Metodologi Penelitian
Penelitian ini dilakukan dengan metode eksperimental di laboratorium

menggunakan Rancangan Acak Lengkap (RAL), dengan 5 perlakuan yang terdiri


dari: (1.) Kontrol negatif (K-), hewan uji hanya diberi CMC 0,5% selama 21 hari;
(2.) Kontrol positif (K+), hewan uji diberi Pb asetat dosis 0,4 mg/gBB/oral/hari
selama 14 hari; (3.) T1, hewan uji diberi Pb asetat dosis 0,4 mg/gBB/oral/hari
selama 14 hari dan satu hari setelahnya diberi ekstrak temulawak dosis 0,7
mg/gBB/oral/hari selama 7 hari; (4.) T2, hewan uji diberi Pb asetat dosis 0,4
mg/gBB/oral/hari selama 14 hari dan satu hari setelahnya diberi ekstrak
temulawak dosis 0,8 mg/gBB/oral/hari selama 7 hari; (5.) T3, hewan uji diberi Pb

asetat dosis 0,4 mg/gBB/oral/hari selama 14 hari dan satu hari setelahnya diberi
ekstrak temulawak dosis 1 mg/gBB/oral/hari selama 7 hari.
Masing-masing perlakuan diulang sebanyak 5 kali.
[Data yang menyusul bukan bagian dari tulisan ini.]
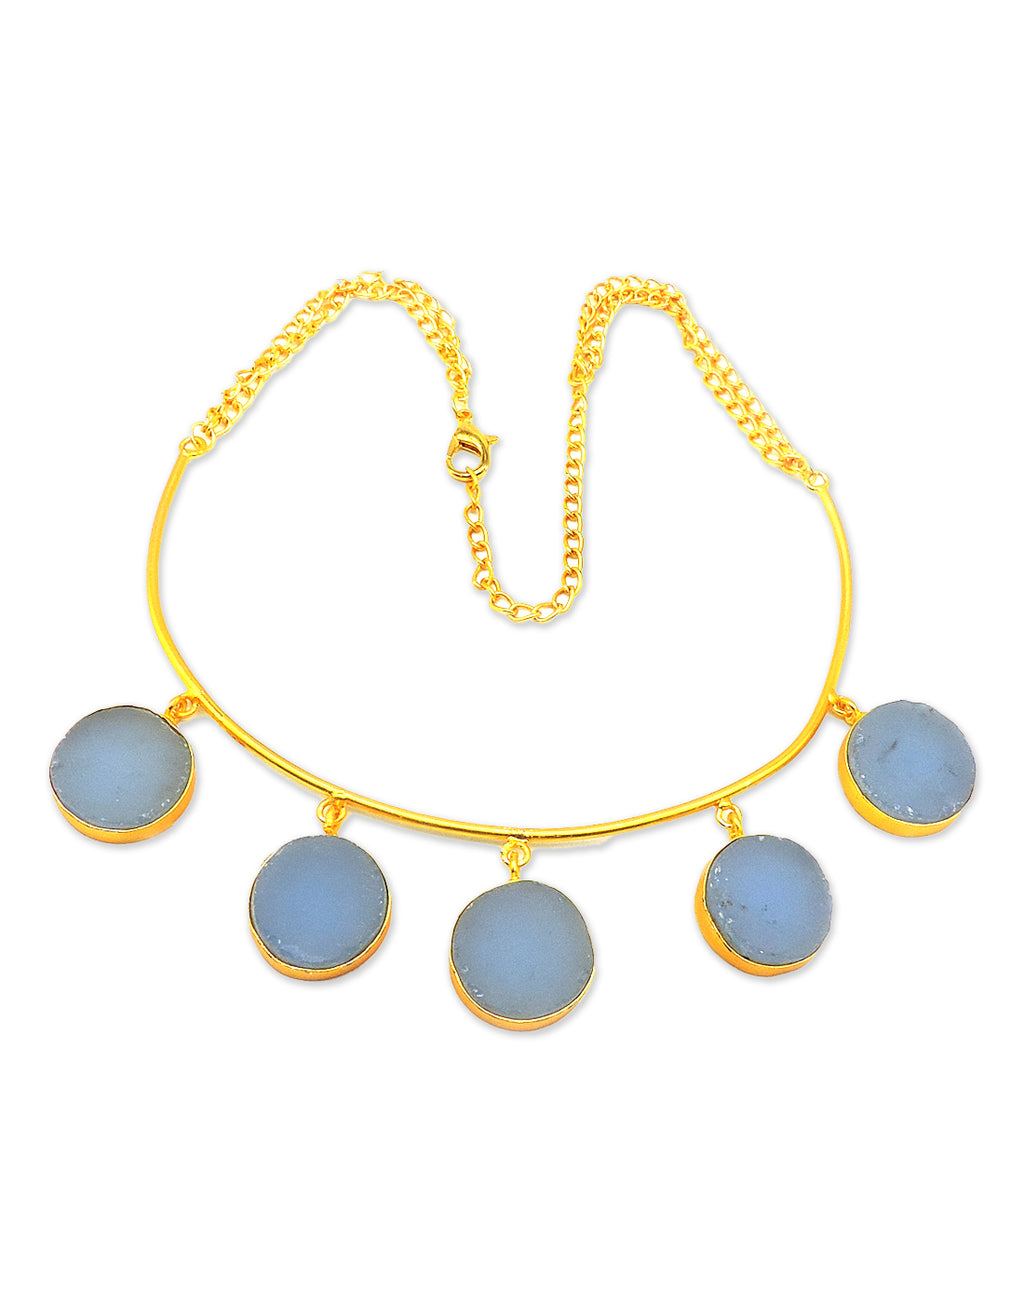 Blue Onyx Necklace - Statement Necklaces - Gold-Plated & Hypoallergenic Jewellery - Made in India - Dubai Jewellery - Dori

Penelitian ini
menggunakan 25 ekor mencit jantan umur 3 bulan dan berat badan rata-rata 30
gram, dengan koefisien variasi maksimal 10%. Mencit diberi minum air ledeng
dan pakan pelet.
Parameter yang diamati adalah: struktur morfologis hati mencit meliputi:
warna, struktur permukaan, dan konsistensi; dan struktur histologis hati mencit
meliputi: inti sel hati, sitoplasma, susunan sel, vena sentralis, dan sinusoid.
Untuk menganalisis data hasil penelitian dibuat skor-skor yang dilanjutkan
dengan uji Kruskal-Wallis dengan taraf kepercayaan 95% (Santoso, 1999).
Apabila diperoleh hasil yang signifikan dilanjutkan dengan uji Multiple
Comparison dengan taraf kepercayaan 95% (Sudjana, 2001).

1.8;

Lokasi dan Waktu Penelitian


Penelitian ini dilakukan di Laboratorium Mikroteknik Hewan Jurusan

Biologi, Fakultas Matematika dan Ilmu Pengetahuan Alam, Universitas


Padjadjaran, Jatinangor. Waktu penelitian dilakukan dari bulan Desember 2011Januari 2012.